To do:
Please reproduce the data exactly and omit the pictures.

Dataset extract:
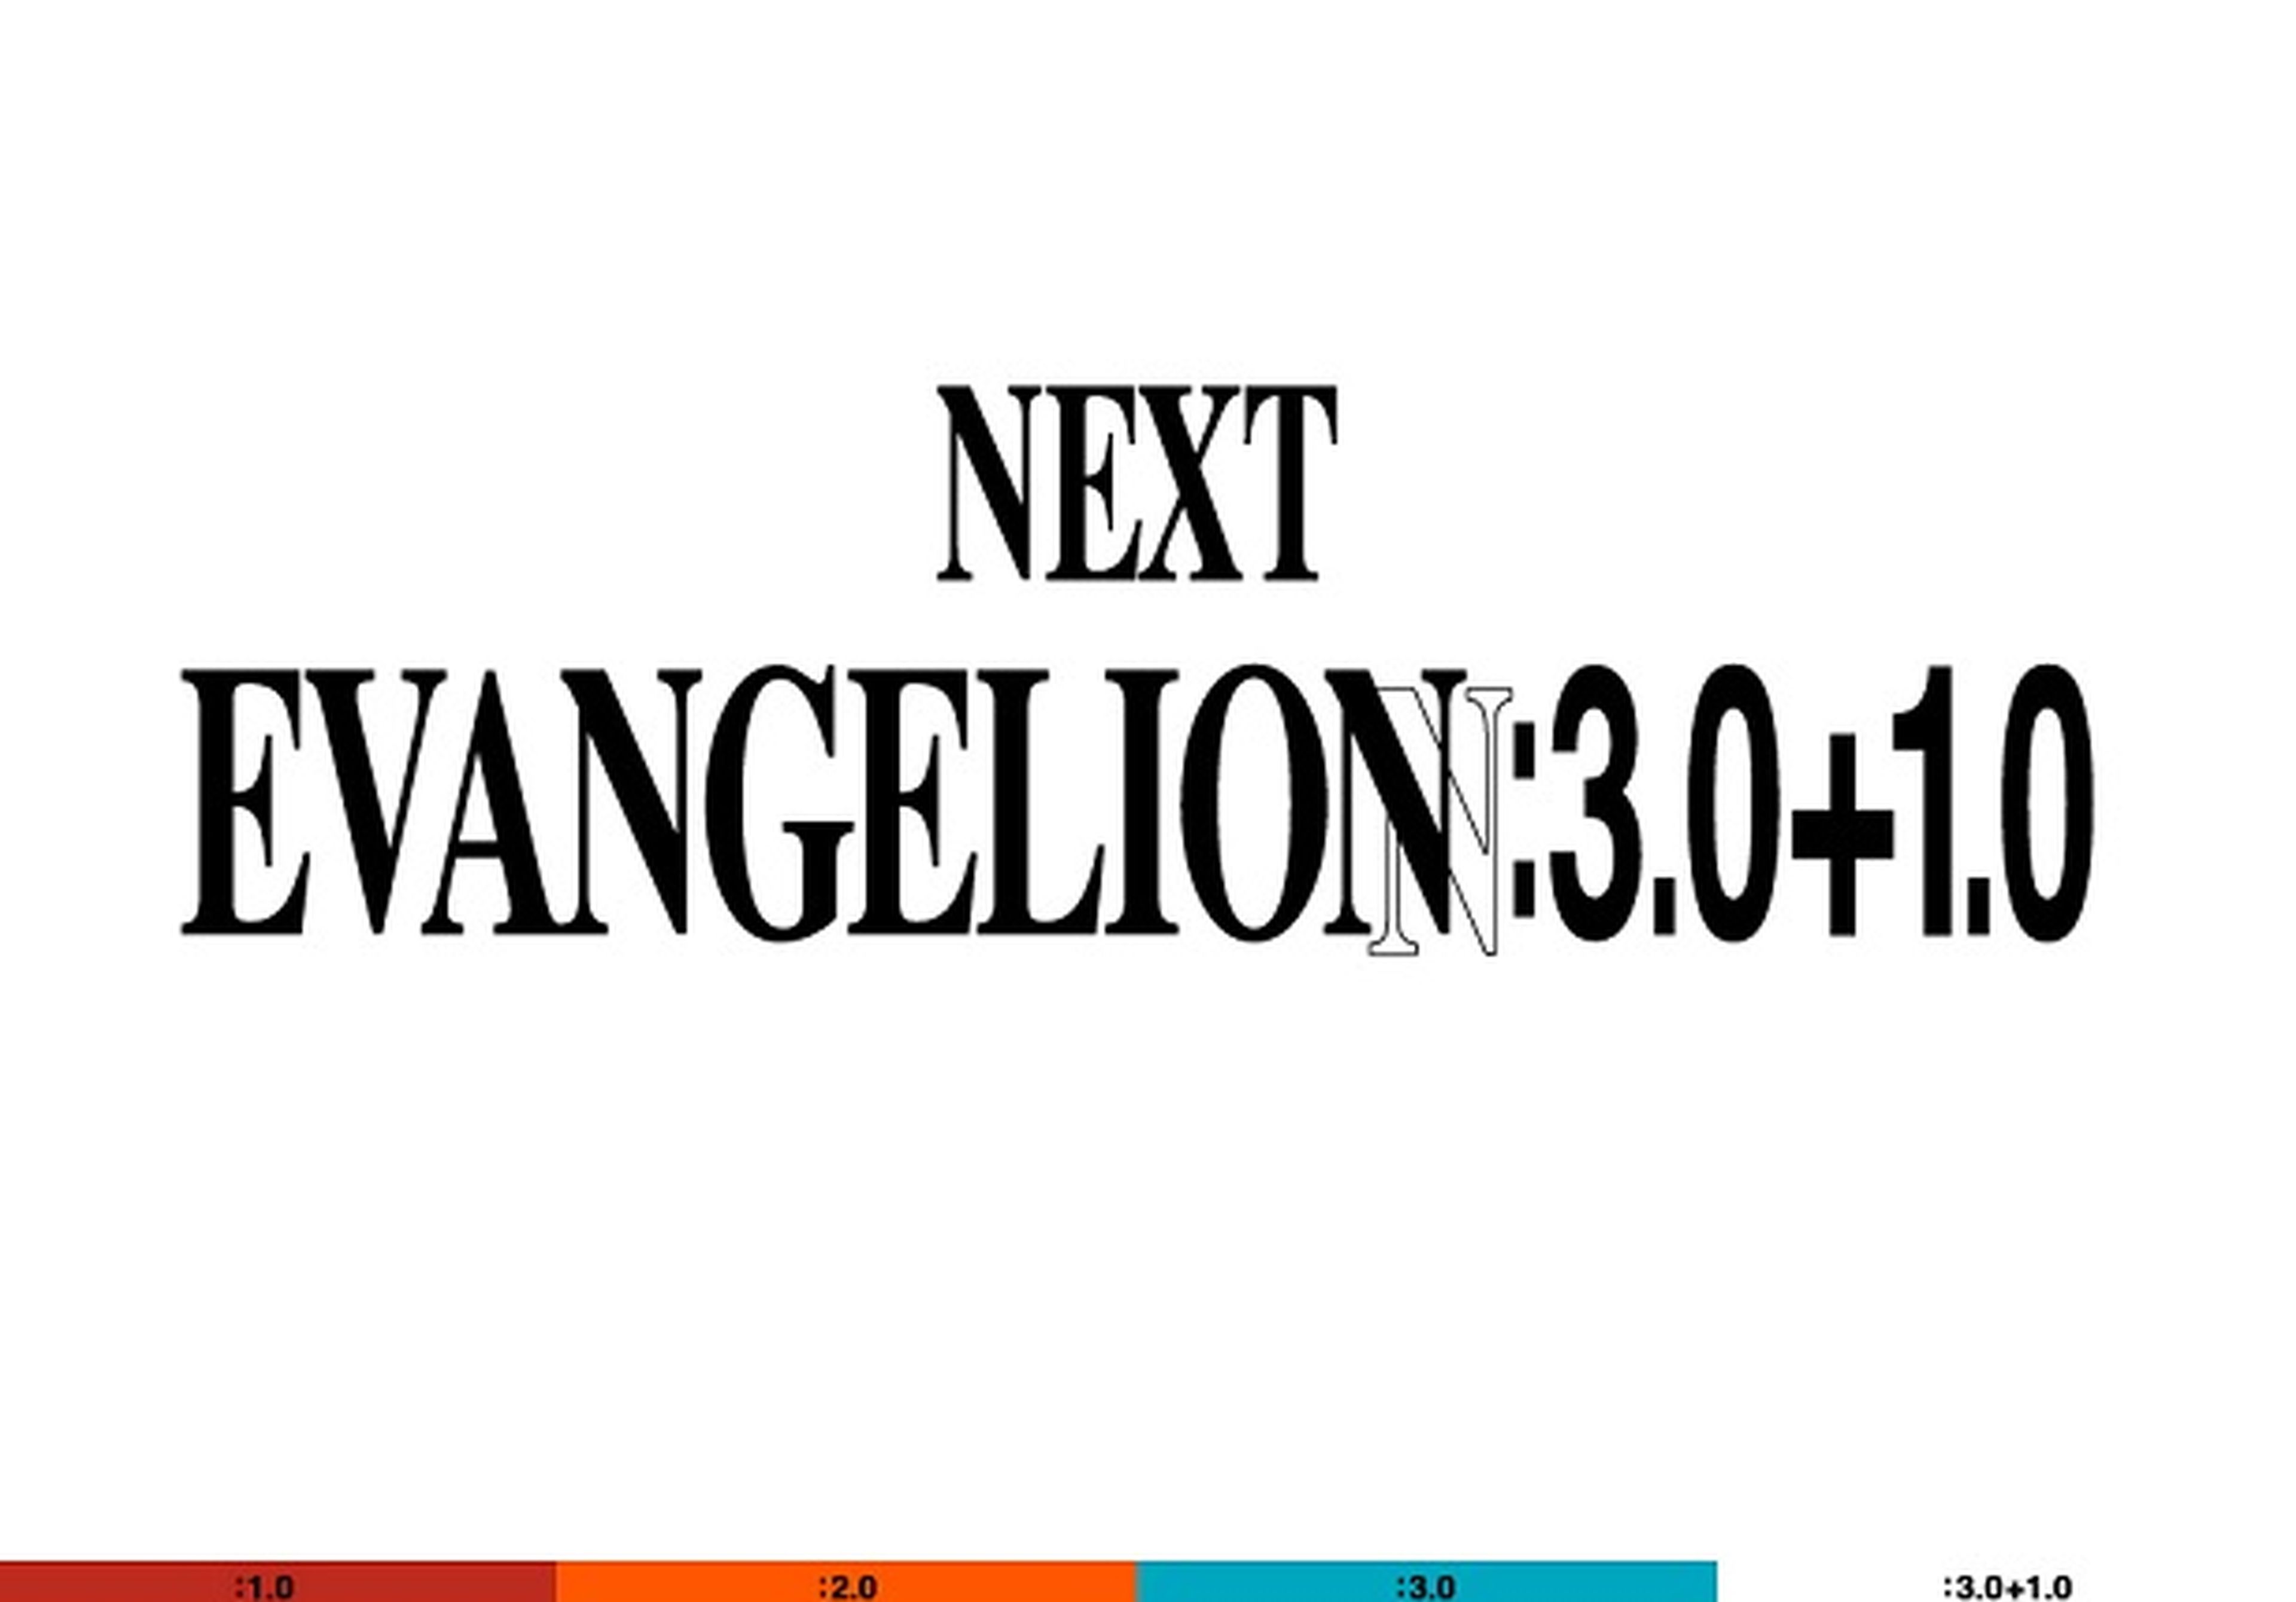 Anunciada la cuarta película de Evangelion
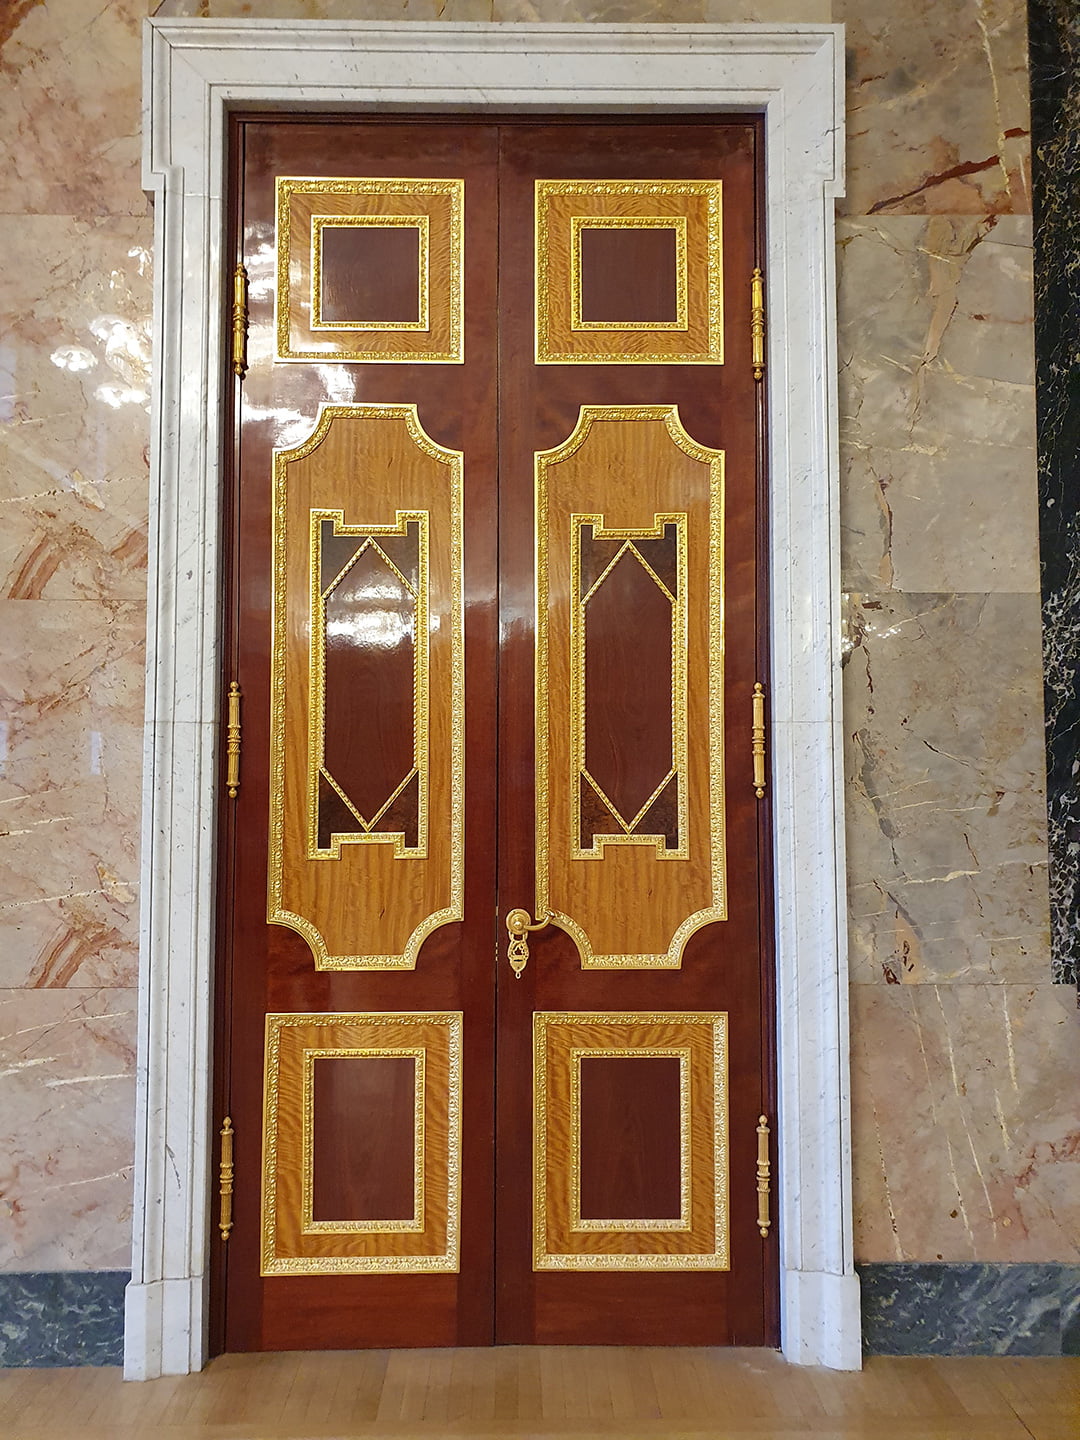 Георгиевский зал Михайловского дворца - оформление дверей
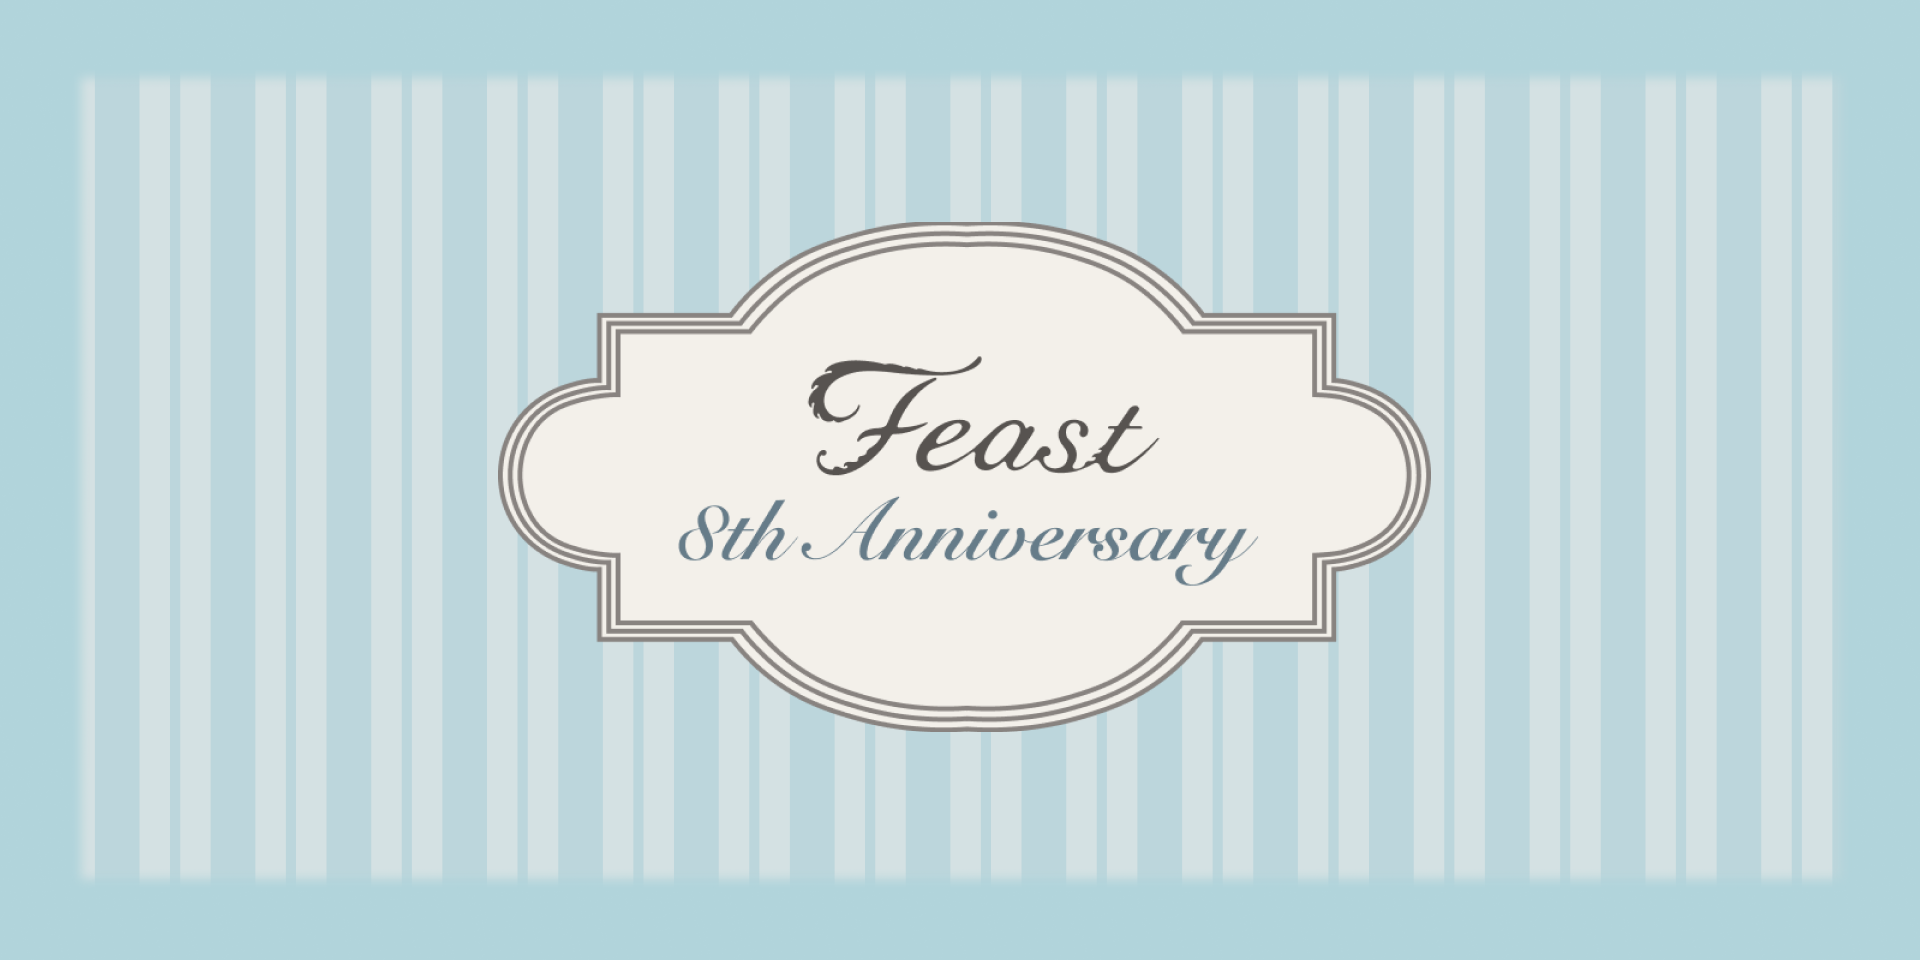 feast 8th anniversary Fair開催！【8月3日(水)20:00〜14日(日)23:59】

Result of this exercise:
 Anunciada la cuarta película de Evangelion
 Георгиевский зал Михайловского дворца - оформление дверей
 feast 8th anniversary Fair開催！【8月3日(水)20:00〜14日(日)23:59】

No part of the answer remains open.